В Санкт-Петербурге продолжается следствие по факту кражи из Эрмитажа 221 экспоната на общую сумму 130 млн рублей. Скандальную окраску это дело приобрело после того, как стало известно, что крали сами сотрудники музея. Да мало того, как сообщили еще в начале следствия в ГУВД Санкт-Петербурга, занимались они этим в течение ни много ни мало, а целых трех десятков лет!

Это, что ни говорите, срок! По официальной версии все эти годы тащила антиквариат из закромов Родины семья одного из рядовых хранителей. А руководство — ни-ни, не ведало ни сном ни духом. Если принять это на веру, тогда остается констатировать, что попутно в Эрмитаже сделали крупное научное открытие, можно сказать, совершили прорыв в области организации производства.

Взять, к примеру, любой завод: где вы найдете конвейер, который бы без сбоев и остановок отработал аж целых тридцать лет?
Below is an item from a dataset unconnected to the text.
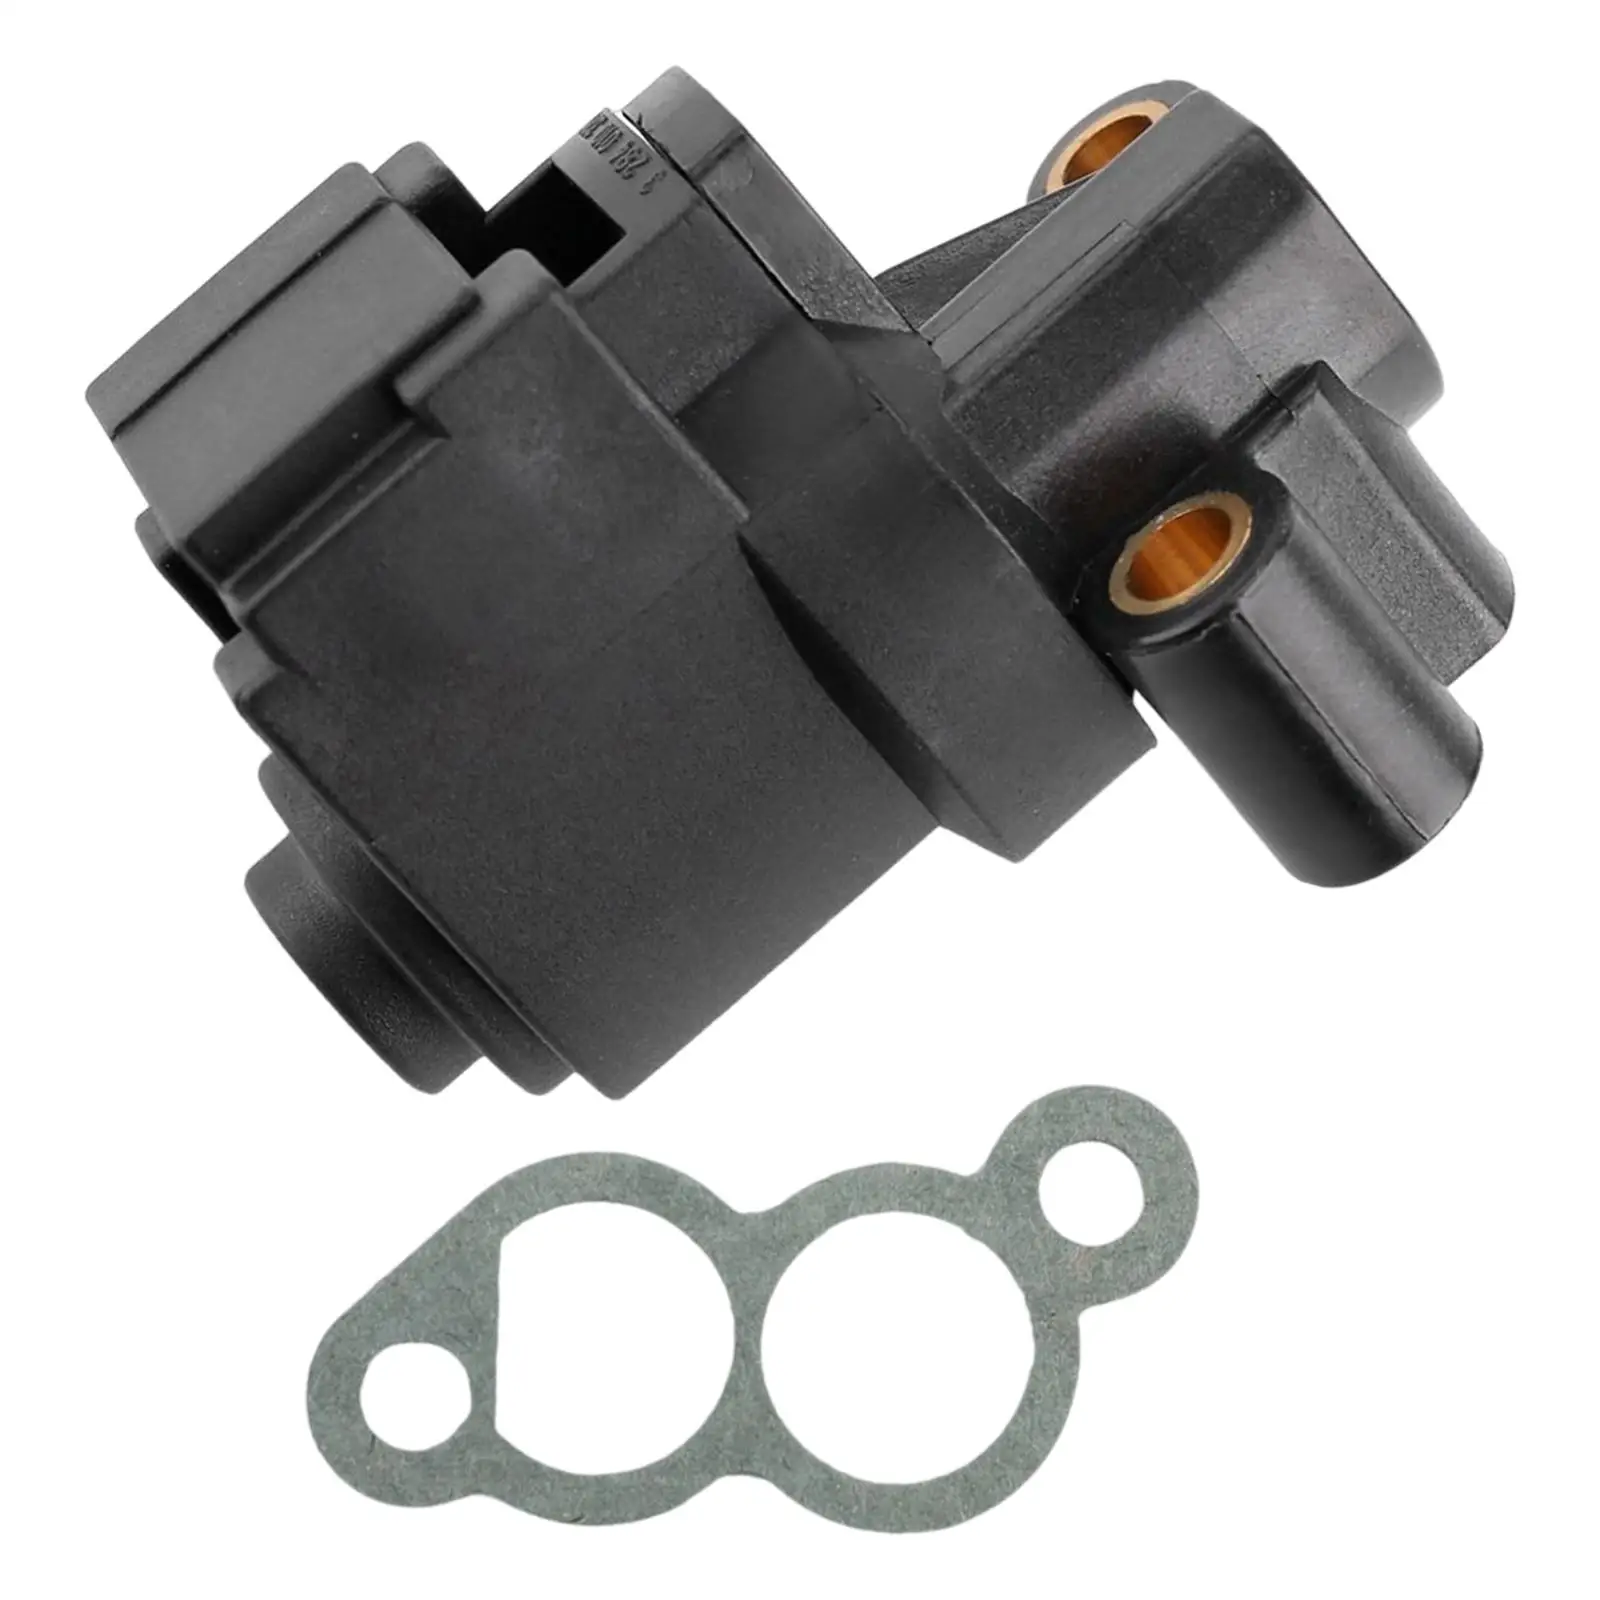 Iac Idle  Valve, 3512600 3515002600 Fits for    for   Components Replacement Control Valve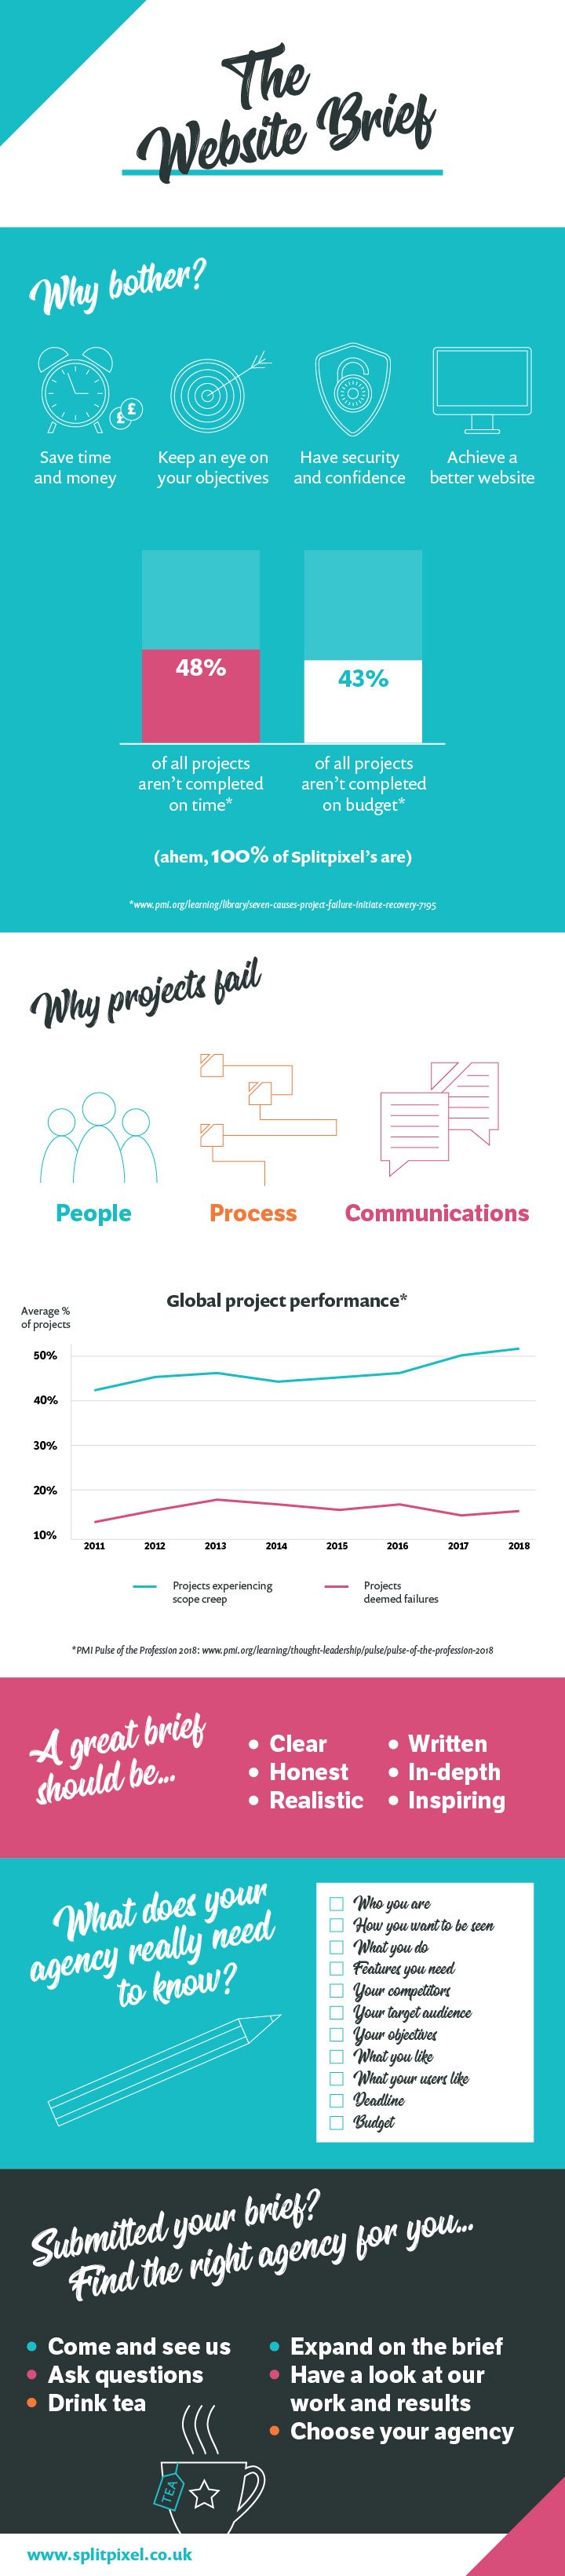 An infographic about the website brief - why bother, why projects fail, what a great brief should be, what your agency needs to know and next steps.

Да на него все заводоуправление работает — директор в первую очередь, плановый отдел, завком, профком, ОТК. А в Эрмитаже — пожалуйста, десятки лет музейные сокровища совершенно беспрепятственно и бесперебойно из хранилища перемещаются на черный рынок, и без всякого участия руководства и прочих служб.

Директор Эрмитажа М.Пиотровский прямо так и заявил: «Пропажа экспонатов Эрмитажа для меня — шок!» Чудеса да и только, видимо, в Эрмитаже заработал «перпетум мобиле» — вечный двигатель по переработке культурного достояния в твердую валюту, которая работала десятки лет без помощи бюрократического аппарата, не нуждаясь в ремонте и техобслуживании — впору подавать заявку на Нобелевскую премию.

Впрочем, есть и другие мнения относительно происшедшего в Эрмитаже.

Например, бывший заместитель председателя Счетной палаты Юрий Болдырев в эфире радиостанции «Эхо Москвы» заявил: «Стремление изобразить скандальную кражу в Эрмитаже как частный случай, все эти странные истории с подбрасыванием украденного в мусорные бачки напоминают слаженные попытки отвлечь внимание от того, что творится в российских музеях».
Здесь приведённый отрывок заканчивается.